Work instructions:
Beginning with the line that holds "setting allows for precise and brief", set down each line of the data below through the very last, exactly as given, and nothing beyond that.

---------- Available data

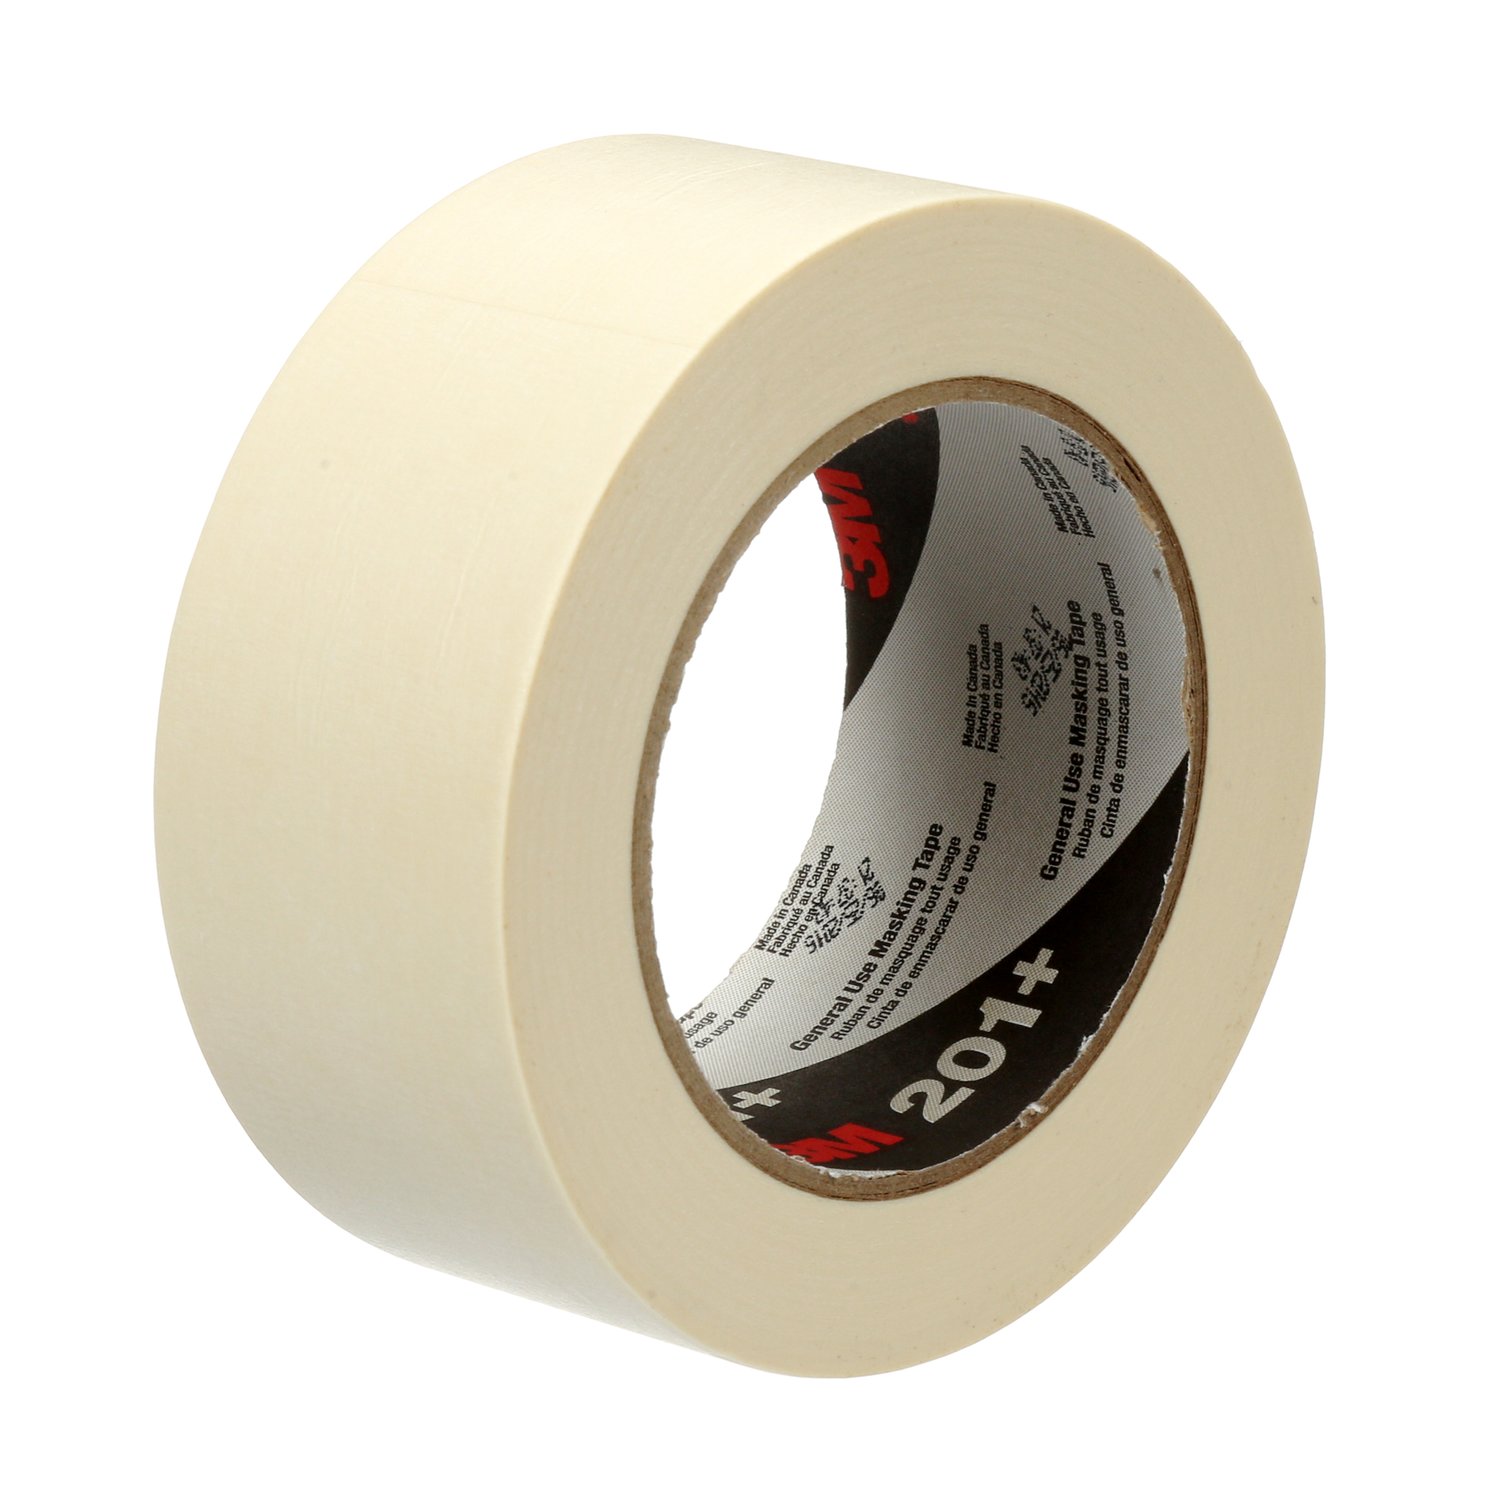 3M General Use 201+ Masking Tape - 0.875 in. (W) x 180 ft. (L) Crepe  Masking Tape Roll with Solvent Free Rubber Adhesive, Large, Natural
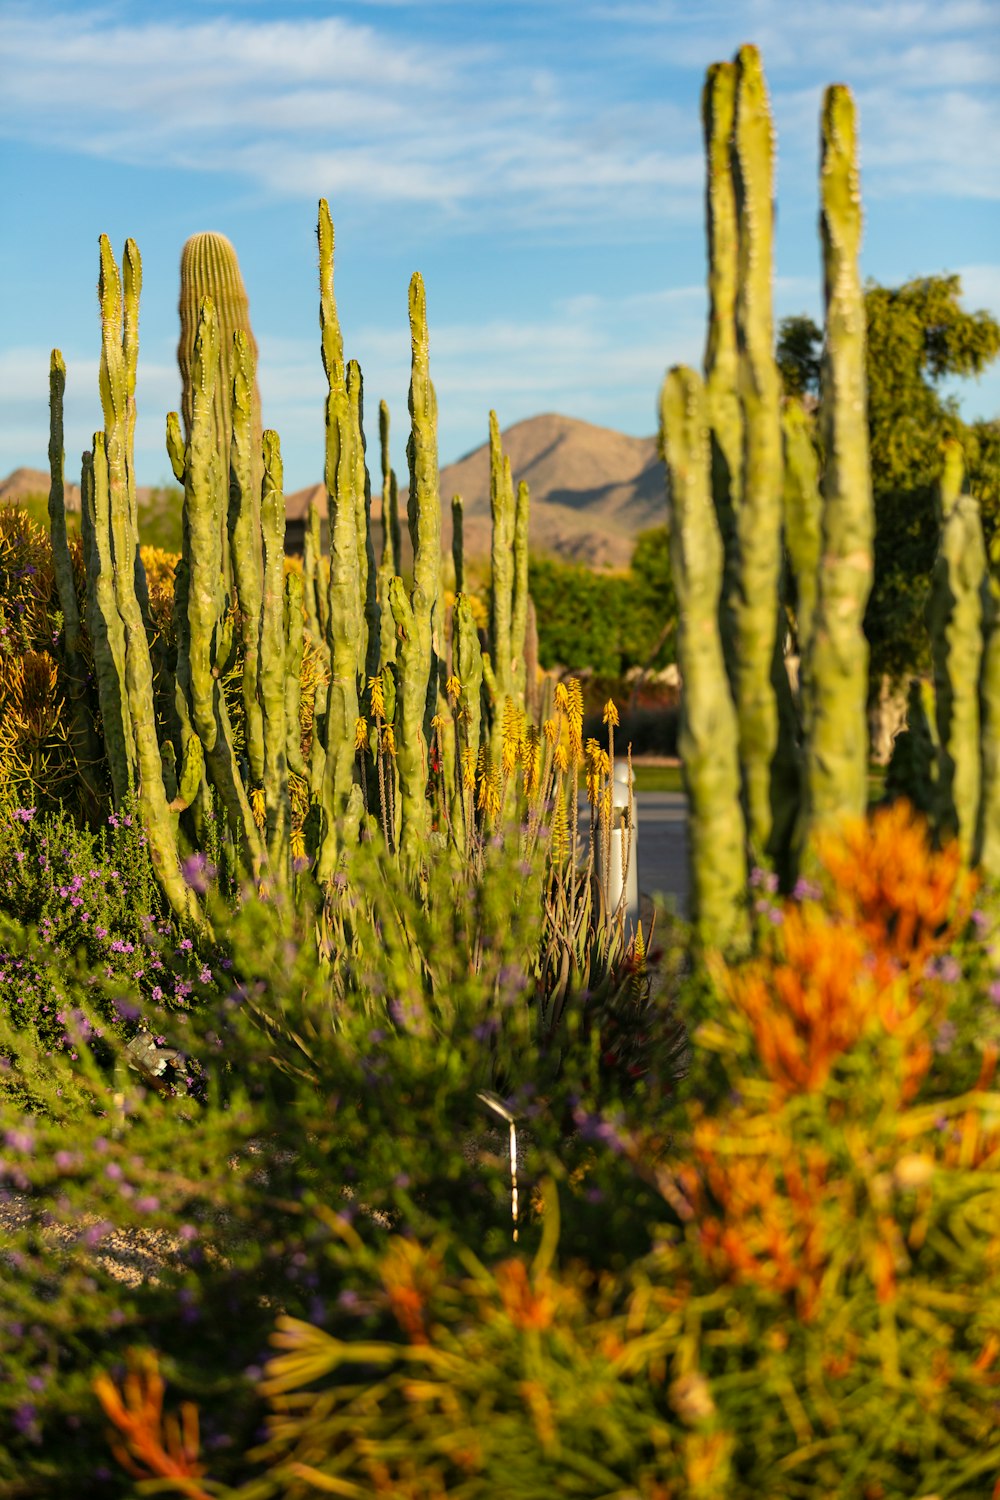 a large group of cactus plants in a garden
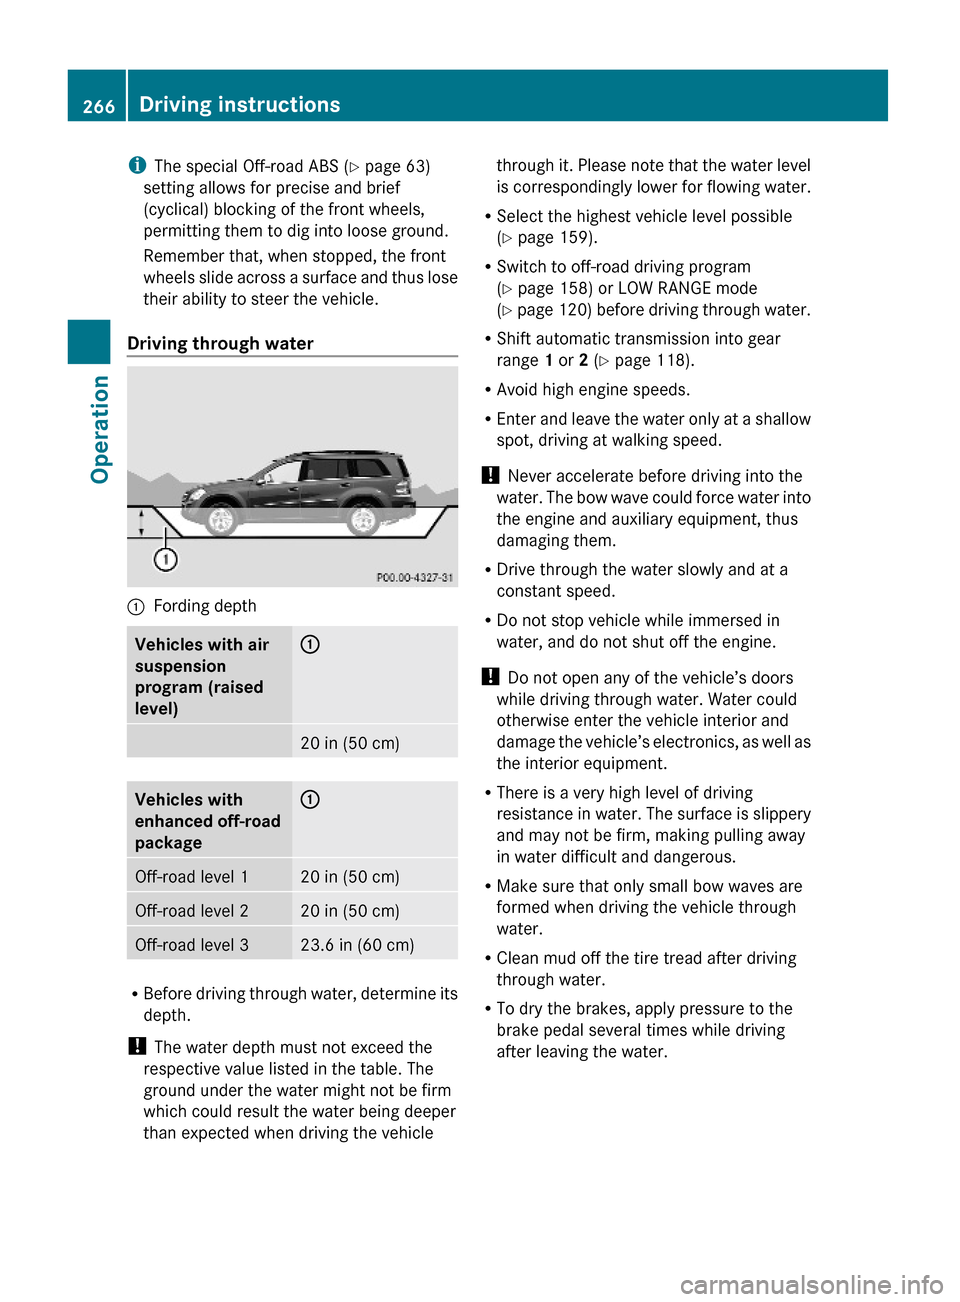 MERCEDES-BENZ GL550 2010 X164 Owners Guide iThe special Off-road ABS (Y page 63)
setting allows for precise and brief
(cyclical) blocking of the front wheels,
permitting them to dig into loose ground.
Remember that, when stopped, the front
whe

--------------------

Answer to this exercise:
setting allows for precise and brief
(cyclical) blocking of the front wheels,
permitting them to dig into loose ground.
Remember that, when stopped, the front
whe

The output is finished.